Sector and region performance
Pipelines outperformed on greater clarity for future projects, the prospect of simpler corporate structures, and undemanding valuation multiples. Surging production growth provided a favourable operating environment. North American Railroads announced pleasing earnings numbers, underpinned by healthy volume trends and strong operational performance. Utilities delivered positive returns on renewed demand for stable, income generative assets.
However, Ports lagged on concerns that US-China trade tensions may cause volume growth to slow from the healthy levels achieved in 2017 and at the start of 2018. Airports delivered mixed returns on concerns that strong volume growth of recent years may be levelling off. Beijing Airport (not held) dropped sharply after the Chinese government revoked a refund mechanism used to compensate the airport for construction costs.
The Fund initiated a position in Spanish-listed Ferrovial, a globally diversified infrastructure concession, construction and services company. Its flagship infrastructure assets include holdings in London’s Heathrow Airport and Toronto’s 407 ETR toll road concession. Earnings disappointments in its construction and services business segments have overshadowed the firm’s exceptional infrastructure assets and material growth optionality, causing the company to trade at a material discount to intrinsic value.
The Fund bought shares in Severn Trent, one of the UK’s largest water utilities. Severn Trent is a stable, defensive business which pays a ~4% dividend yield and earns regulated returns linked to UK RPI. Over the past year, concerns about the opposition Labour Party’s renationalisation plans have weighed on the stock. We expect improving regulatory clarity and receding re-nationalisation concerns to support share price outperformance.
The Fund sold Japan Airport Terminal after pleasing full year earnings numbers pushed its share price sharply higher; and divested Spanish tollroad operator Abertis as the Atlantia / ACS takeover saga drew close to a positive resolution.
The Fund invests in a range of sustainable listed infrastructure assets including toll roads, airports, ports, railroads (both passenger and freight), utilities, pipelines and mobile towers. These sectors share common characteristics, like barriers to entry and pricing power, which can provide investors with inflation-protected income and the potential for strong capital growth over the medium-term. A focus on sustainability can help deliver positive risk adjusted returns. It can create opportunities for positive performance; generating ideas as well as lowering the overall risk profile of a portfolio through a better understanding of environmental, social and governance (commonly referred to as ‘ESG’) related risks.

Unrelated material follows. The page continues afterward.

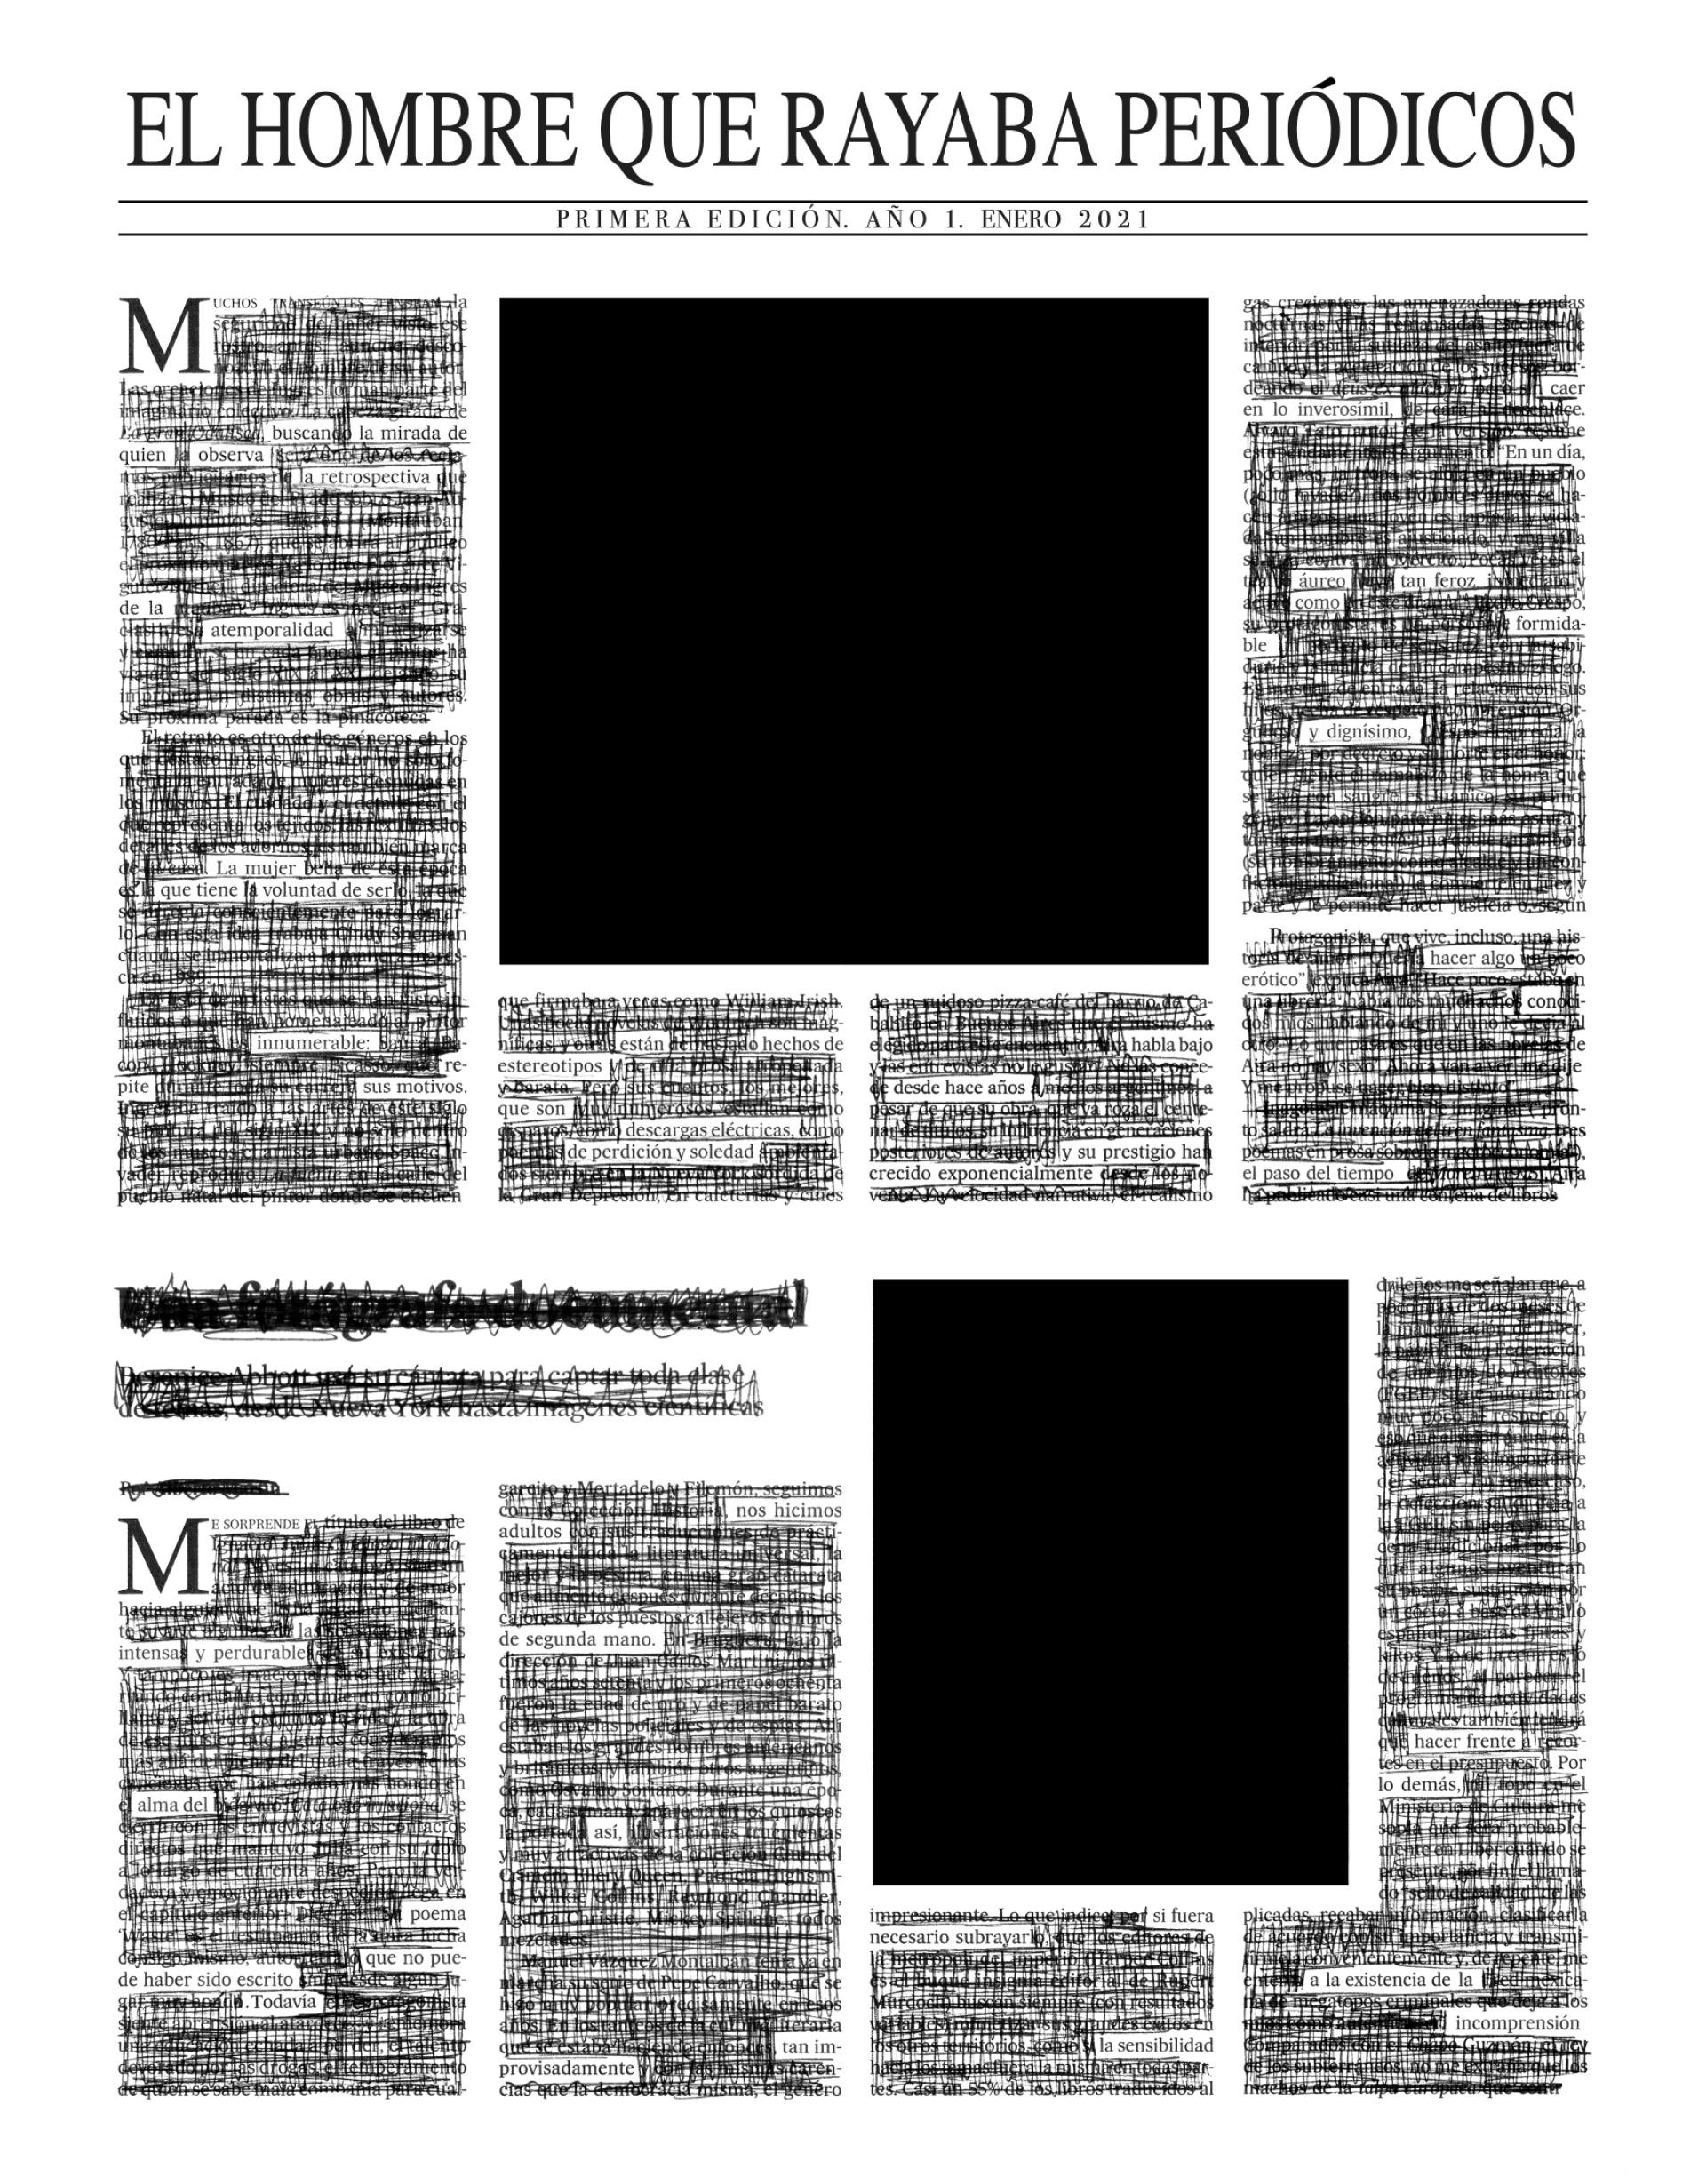 El hombre que rayaba periódicos

Our outlook for Global Listed Infrastructure is positive. The asset class consists of stable, long life assets, and continues to deliver a reliable yield of between 3% and 4% per annum. Many infrastructure assets are insulated from inflation by regulation, concession terms or contracts that are explicitly linked to the inflation rate. Several sectors are benefitting from structural growth drivers such as urbanisation (Tollroads) and the increasing mobility of communication (Towers).

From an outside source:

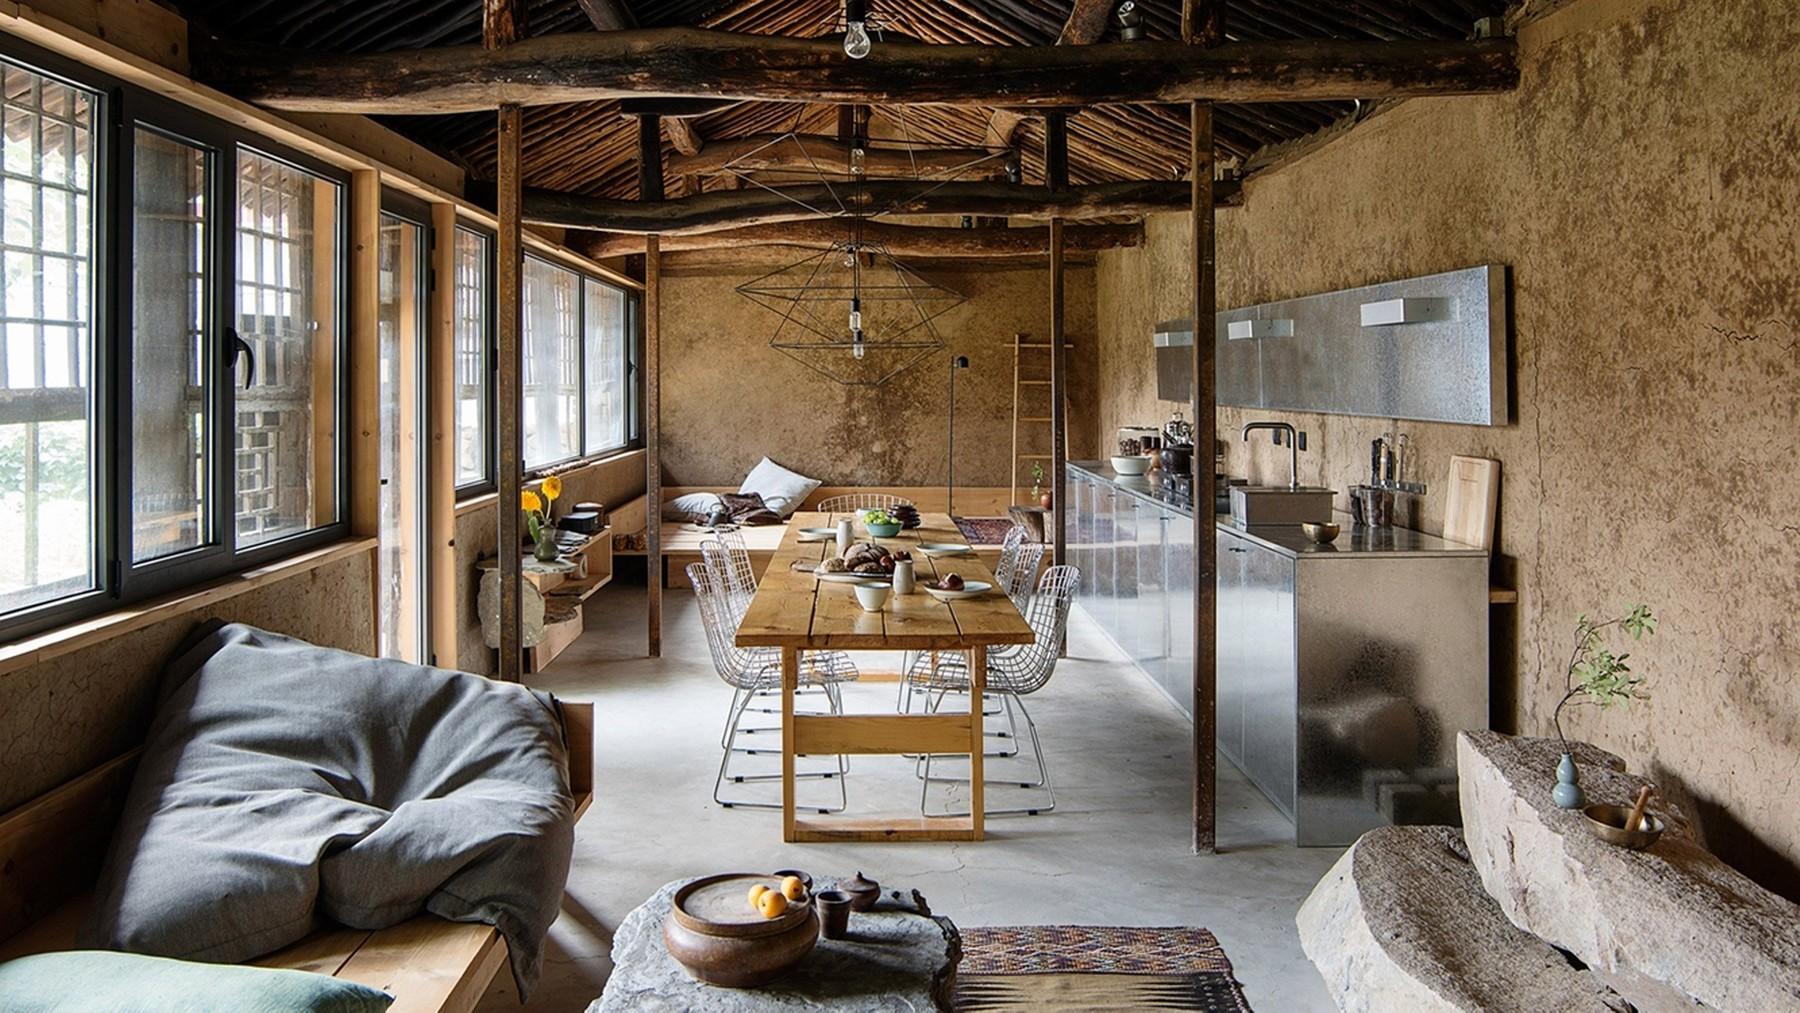 rustic-interiors-lookbook_dezeen_2364_hero.jpg

As well as sound fundamentals, we expect a number of additional factors to be supportive of returns from Global Listed Infrastructure. The listed infrastructure investment universe continues to broaden, which is likely to stimulate further interest in the asset class. China Tower, which operates the towers of China’s three state-backed telecoms providers, recently announced plans to list in what could be a US$10 billion IPO. Tollroad operators Ferrovial and Transurban are pursuing their Express Lane strategies in the US - a politically palatable way to involve private sector capital in US highway infrastructure. We anticipate that both companies will be major players in this space over the next three to five years, further diversifying and improving our opportunity set.
In addition, the ongoing asset allocation shift by large pension and sovereign wealth funds into real assets in general, and into infrastructure specifically, should provide a tailwind for asset class valuations. This could happen directly, through allocations to Listed Infrastructure funds; or indirectly, through takeovers of listed companies by Direct Infrastructure funds.